If the supporting walls are made of concrete or masonry CMU’s (“blocks”), the retrofit options are basically the same. Once again, the main question is whether or not the existing roof covering is being replaced. If so, the roof to wall connection points can be exposed by removing sheathing at the eaves and gable ends. Then the trusses or rafters can be secured directly to the supporting walls by the appropriate combination of metal anchors installed with approved masonry fasteners.
source: Simpson StrongTie |
source: Simpson StrongTie |
In some cases, trusses or rafters may already by anchored to the top of the concrete or masonry wall by metal straps or clips. If these anchors are embedded in the top of the concrete or masonry wall, it is important that they are properly aligned. If they are "offset" from the trusses or rafters, there is potential for wind-induced uplift before they engage.
source: FL Division of Emergency Management |
If the existing roof covering is not ready to be replaced, the top of the concrete or masonry wall can be accessed from the exterior through the soffits or from the interior by removing the wall finish at the ceiling to exterior wall joint.
source: FL Division of Emergency Management |
When the supporting wall is made from or CMU’s ("concrete blocks"), attaching the roof assembly to the supporting wall only makes sense if the masonry wall itself is adequately reinforced. Necessary points of reinforcement include:
- Horizontal joint reinforcement in the mortar joints
- Vertical reinforcement with steel rebar in grouted CMU cells
- Continuous “bond beam” or “tie beam” of steel reinforced concrete around the entire top of the wall.
These types of masonry wall reinforcement are extremely expensive to add after the home is built.
source: FL Division of Emergency Management |
Another critical roof to wall connection point is at the gable end overhang. At this point, the uplift forces developed by wind flowing over the roof are increased by the force of the wind pushing up on the overhang itself.
Gable end overhangs are traditionally framed in one of two ways:
• As a separately framed “ladder” attached to the face of the gable end wall and supported by attachment to the cantilevered roof deck sheathing.
source: FL Division of Emergency Management |
• Or as a series of “lookouts” or “outriggers” attached to the side of the first truss in from the gable end and extending out over the top of the gable end truss.

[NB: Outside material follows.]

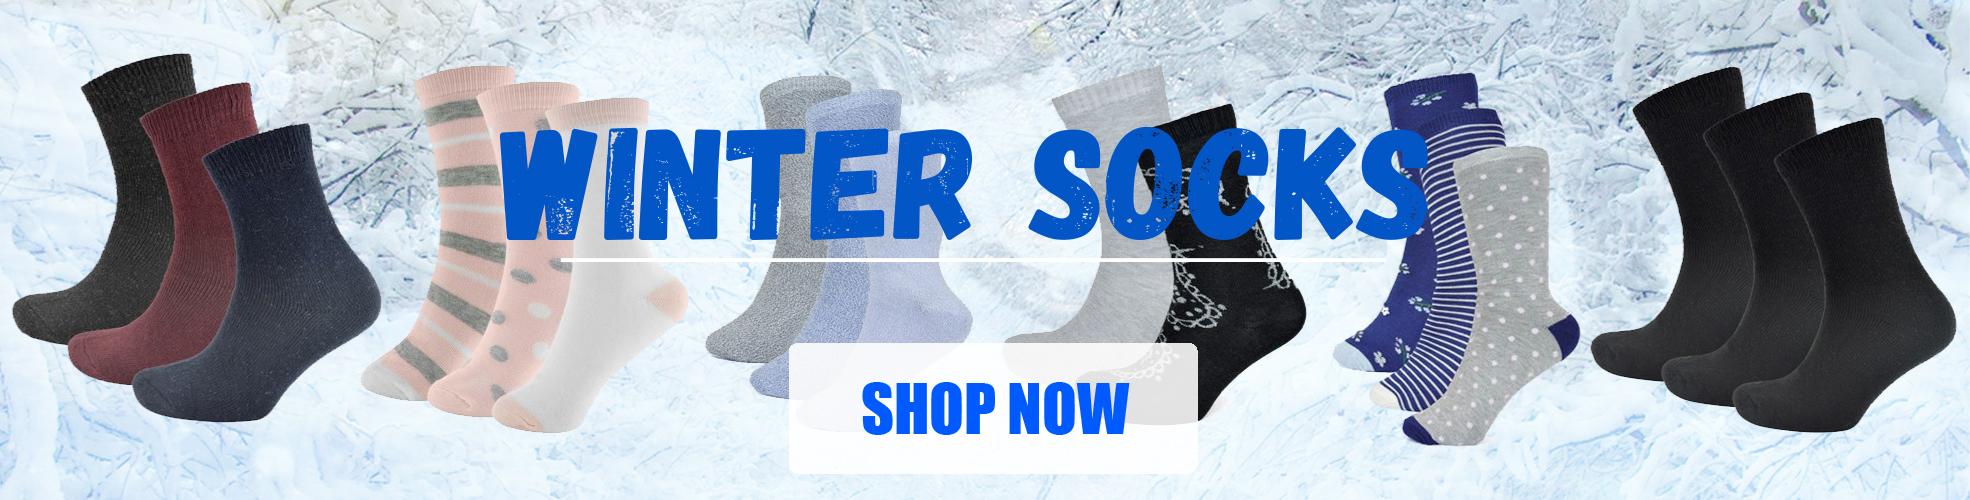 Wholesale Winter Socks Bamboo Socks Cashmere Socks Thermal Socks Wool Blend Socks

source: FL Division of Emergency Management |
The “lookout” method requires that the height of the gable end truss is shorter than the other roof trusses by the width (usually 2x4) of the cantilevered lookouts. This is actually the easier of the 2 systems to reinforce. With the sheathing at the gable end removed during the re-roofing process, the points where the lookouts are attached to the main roof truss, AND the points where the lookouts cross the supporting gable end truss can be reinforced by appropriate metal connectors. If the gable end wall is framed conventionally, the lookout to rafter connections and the lookout to gable end top plate and stud connections can be reinforced with the same type of connectors used at the eaves. This type of retrofit can also be carried out from the attic access if the existing roof covering is not being removed.
For “ladder” type gable end overhangs, though it is possible to add more fasteners through the framing member that attaches the ladder to the gable end wall, the primary form of reinforcement is to strengthen the connection of the roof sheathing to the gable end truss or rafter. The next section will review steps to accomplish this.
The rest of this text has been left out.